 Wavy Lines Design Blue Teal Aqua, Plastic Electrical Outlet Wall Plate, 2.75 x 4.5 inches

---

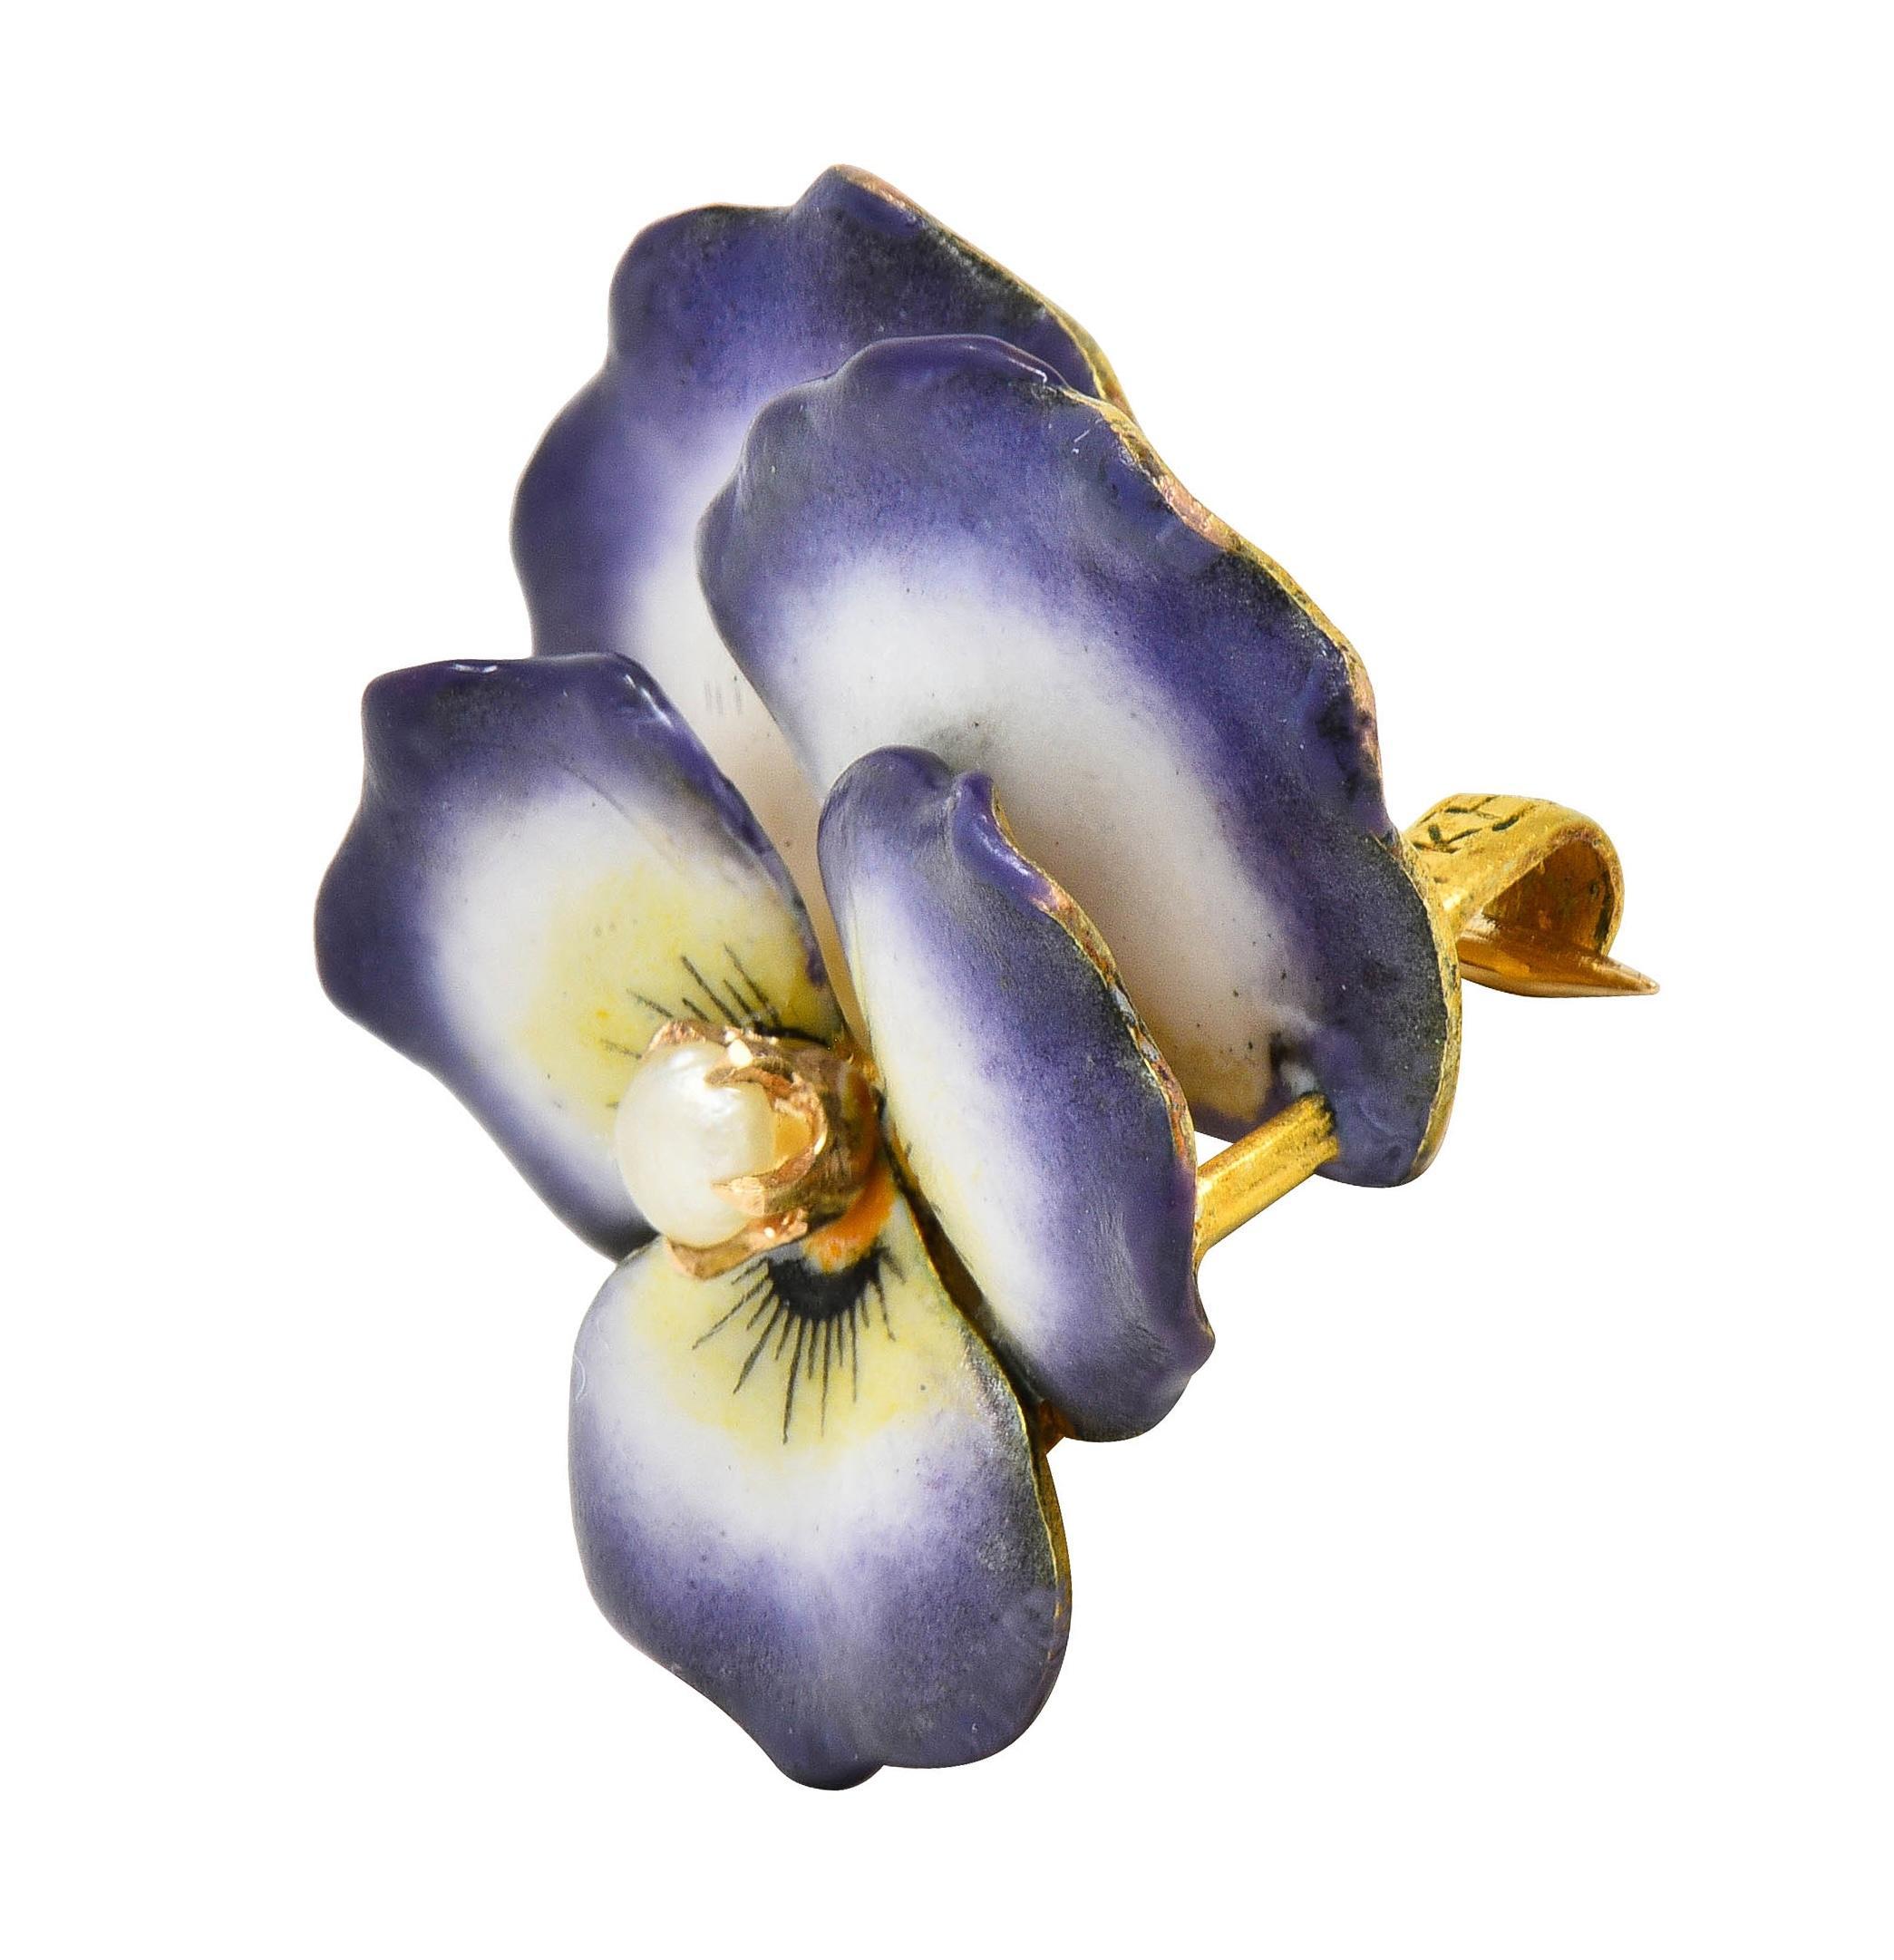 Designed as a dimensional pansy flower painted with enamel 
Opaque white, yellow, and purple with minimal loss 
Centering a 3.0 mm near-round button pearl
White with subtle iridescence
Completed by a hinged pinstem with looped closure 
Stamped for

ASSIGNMENT: Give again the stretch of the entries above that begins at the line with "Designed as a" and ends at the line with "Stamped for", word for word, with no pictures.

COMPLETED TASK:
 Designed as a dimensional pansy flower painted with enamel 
Opaque white, yellow, and purple with minimal loss 
Centering a 3.0 mm near-round button pearl
White with subtle iridescence
Completed by a hinged pinstem with looped closure 
Stamped for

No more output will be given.